Теперь поезд увозил его в Вену. Изгнанный из родной страны, словно преступник, король Англии видел, как мир закрывает перед ним свои границы. Единственным человеком, оказавшим ему гостеприимство, был австрийский еврей.

XIII

Официальная Англия была в восторге от собственного поведения. Все не могли нарадоваться на то, с каким невозмутимым спокойствием в стране изысканных манер одного короля поменяли на другого, ибо в «Придворном циркуляре» сообщалось: «Букингемский дворец, 11 декабря. Сегодня, в 13 часов 52 минуты билль об отречении Его величества получил королевское одобрение».

Одиннадцатого декабря, Пиккадилли, дом номер 145: «Достопочтенный Стэнли Болдуин, член парламента, премьер-министр и первый лорд казначейства, был после полудня принят королем». Все дипломаты Старого света, которые по-прежнему стремились сохранить отжившие, церемонные манеры, восхищались тем, как безукоризненно вели себя придворные в тот исторический день.

Газеты подбадривали друг друга и старались поднять дух английского народа, сообщая, что монархия показала себя с самой лучшей стороны. Однако народ пришел в страшное волнение, услышав по радио прощальное выступление Эдуарда, искреннее и честное. Для того, чтобы людей не мучили раненое самолюбие и растревоженная совесть, требовалось немедленно придумать новую версию происшедшего; она должна была внушить англичанам, что правы они, а не их король. И вот на чем остановились: «Мы ему доверились, а он нас бросил!»

Неблагодарность масс редко доходила до такого предела.
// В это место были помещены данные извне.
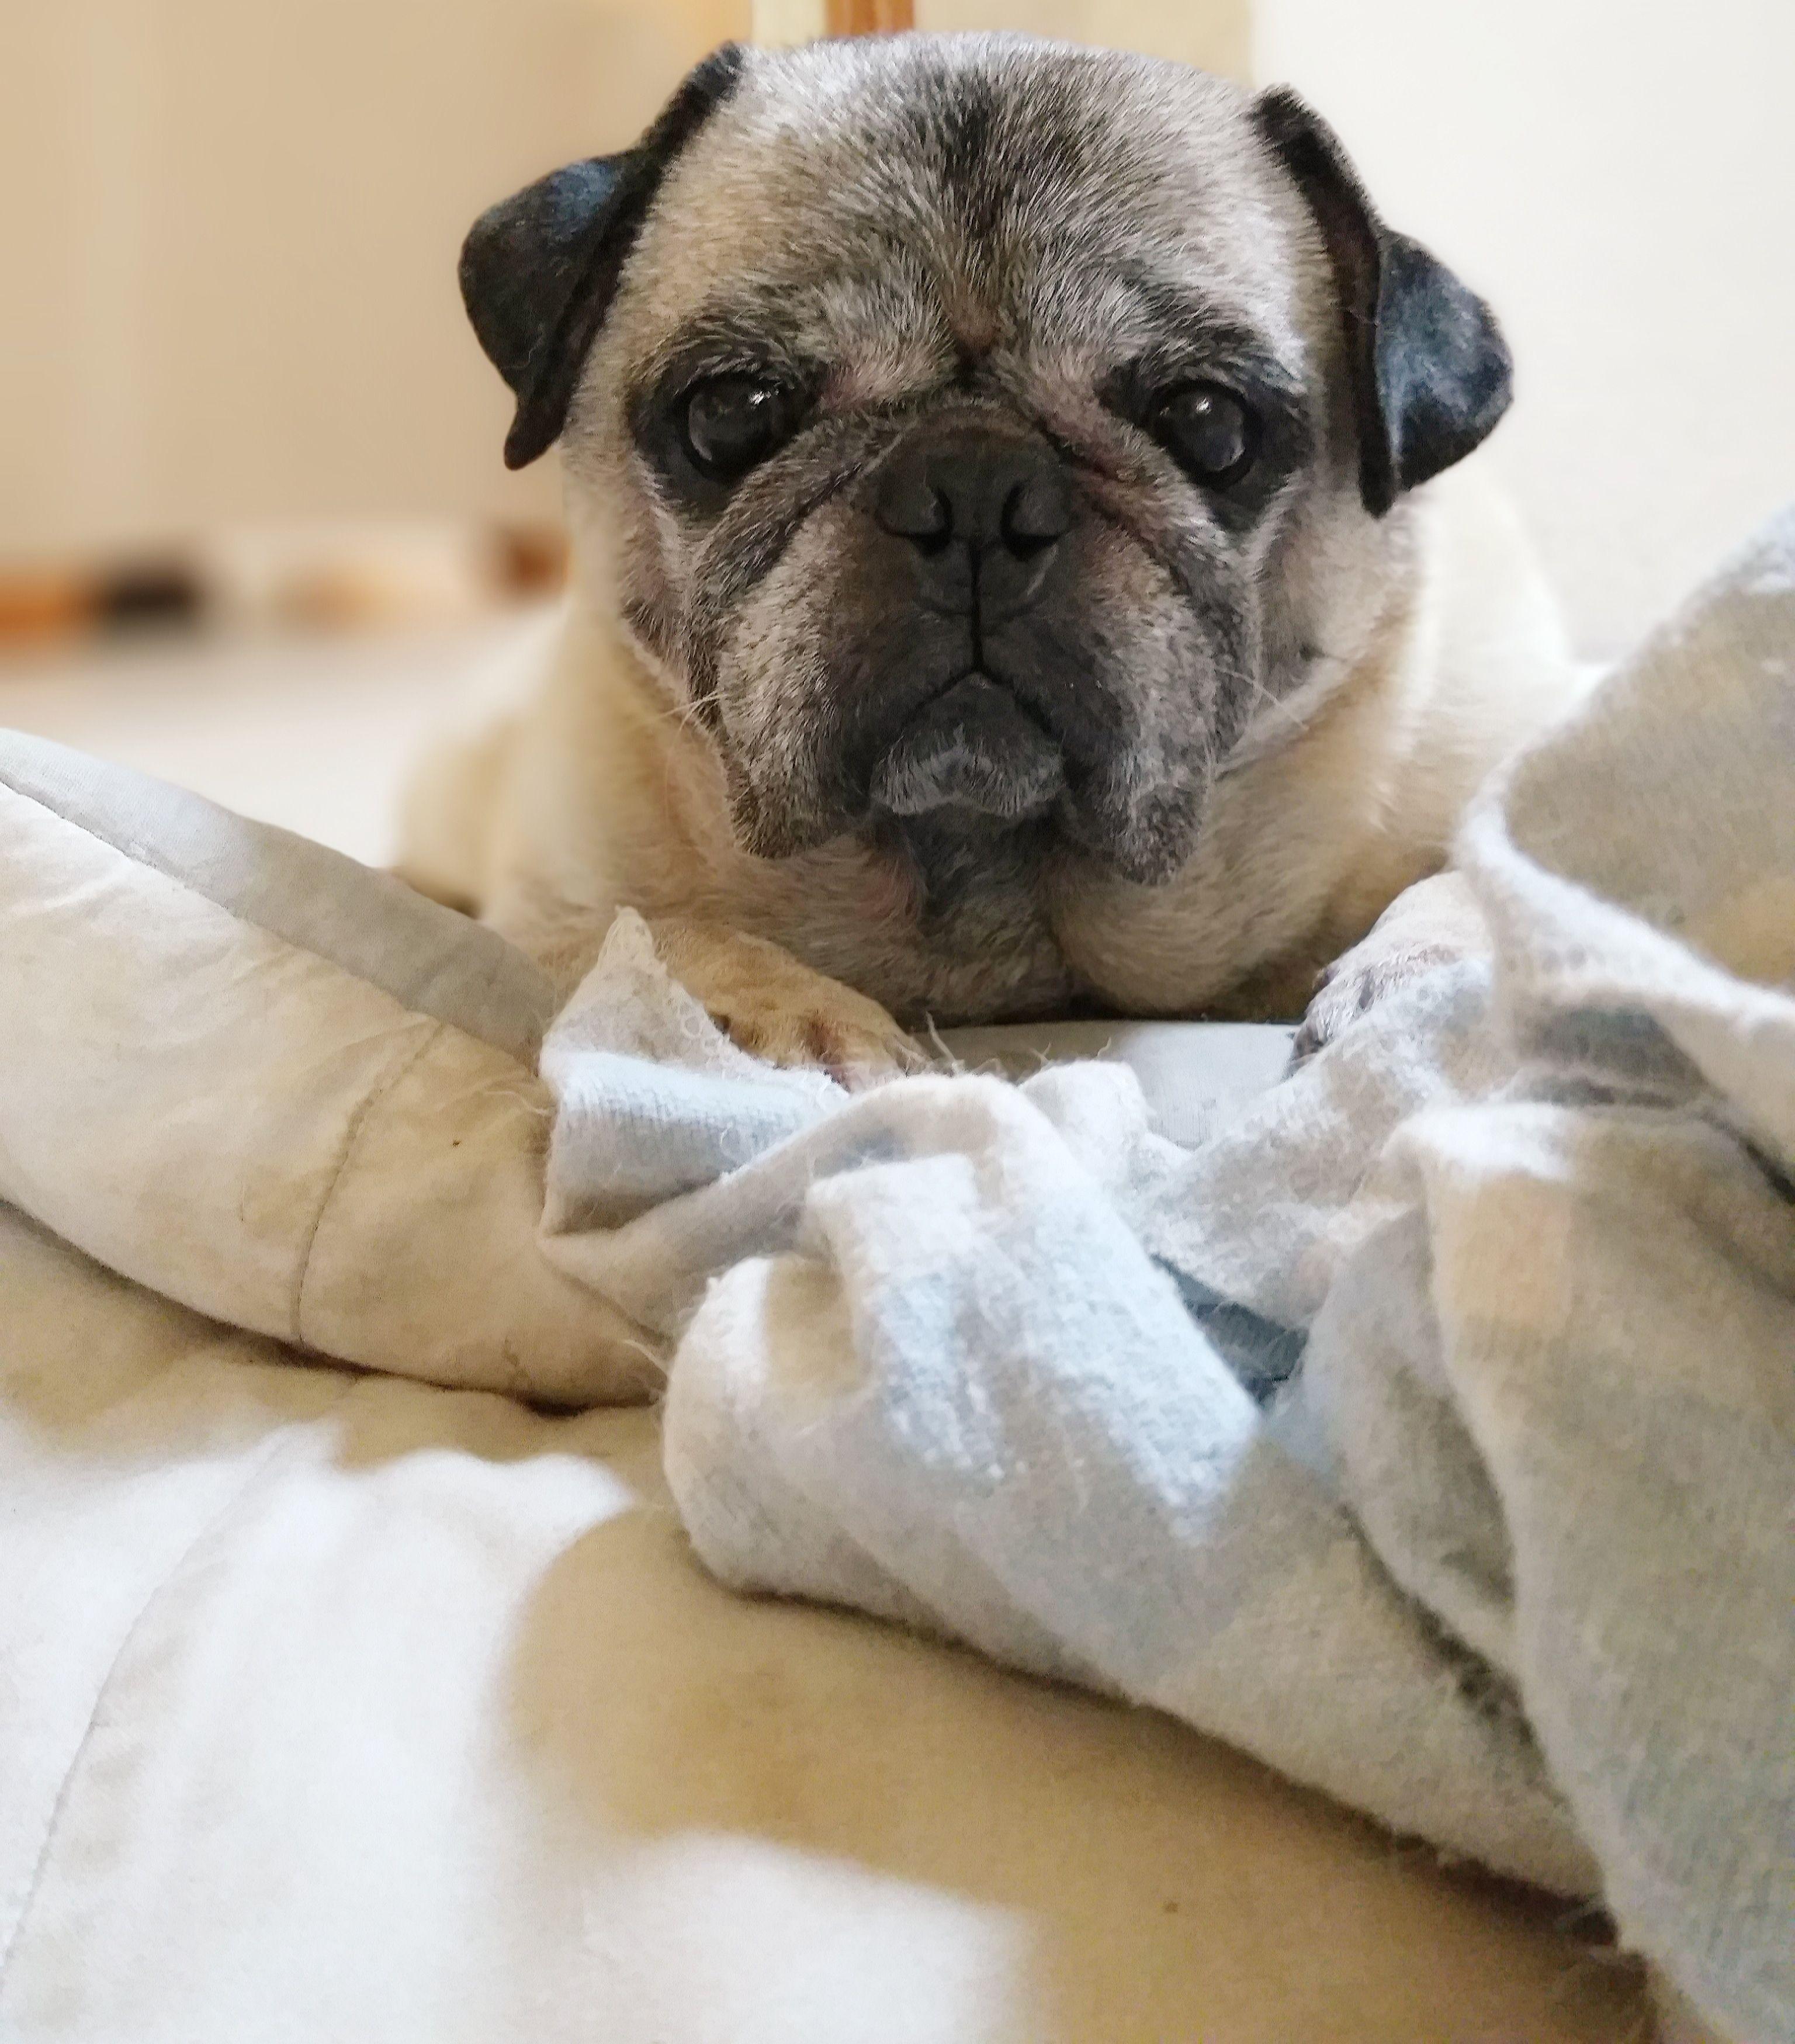 Pin By Mandy Joy On Pug Cute Dogs Cute Pugs Cute Animals

Человек, которого двадцать пять лет буквально боготворили, отказался от власти и сложил с себя королевский титул, потому что его принуждали растоптать собственные понятия о чести. Так кто же кого бросил: этот человек бросил свой народ, или же народ бросил его? Одна газета высмеяла предложение Эдуарда снова послужить родине: «Он выглядел как дезертир, который, убегая с фронта, говорит, что с удовольствием будет сражаться, когда снова начнется война». Мне как-то довелось услышать высказывание одного из высших офицеров британского флота: «Когда корабль, на борту которого он находился, вышел в море, я был в Портсмуте и подумал: „Теперь наша страна чиста“».

Все решили как можно скорее забыть того, кто пал жертвой несправедливости. Были запрещены пластинки с записью прощальной речи Эдуарда, от которой сердца людей сжимались от тоски. Журнал «Ньюс» писал: «Король Георг VI, человек серьезный, обладает многими достоинствами, благодаря которым он завоюет любовь народа. Он боксирует лучше Эдуарда, лучше играет в теннис, хотя держит ракетку в левой руке». Почти повсюду слышался следующий горький упрек: «Мы вложили столько денег в этого принца Уэльского». Многие коммерсанты сумели прилично заработать на этой истории. В «Вумен иллюстрэйтед» можно было прочесть следующее объявление:

«Нашим многочисленным читательницам, сделавшим заказ на коронационный чайный сервиз, будет небезынтересно узнать, что теперь мы имеем возможность поставлять вам этот сервиз в трех разных видах: 1) с портретами короля Эдуарда VIII на блюдцах, как мы и сообщали ранее; 2) с портретами короля Георга VI и королевы Елизаветы на блюдцах; 3) тем из вас, которые желали бы иметь блюдца с портретами Эдуарда, Георга и королевы Елизаветы, мы можем доставить чайный сервиз с блюдцами двух образцов, что потребует доплаты в б пенсов, и общая стоимость сервиза, таким образом, составит 5 шиллингов вместо 4 шиллингов б пенсов».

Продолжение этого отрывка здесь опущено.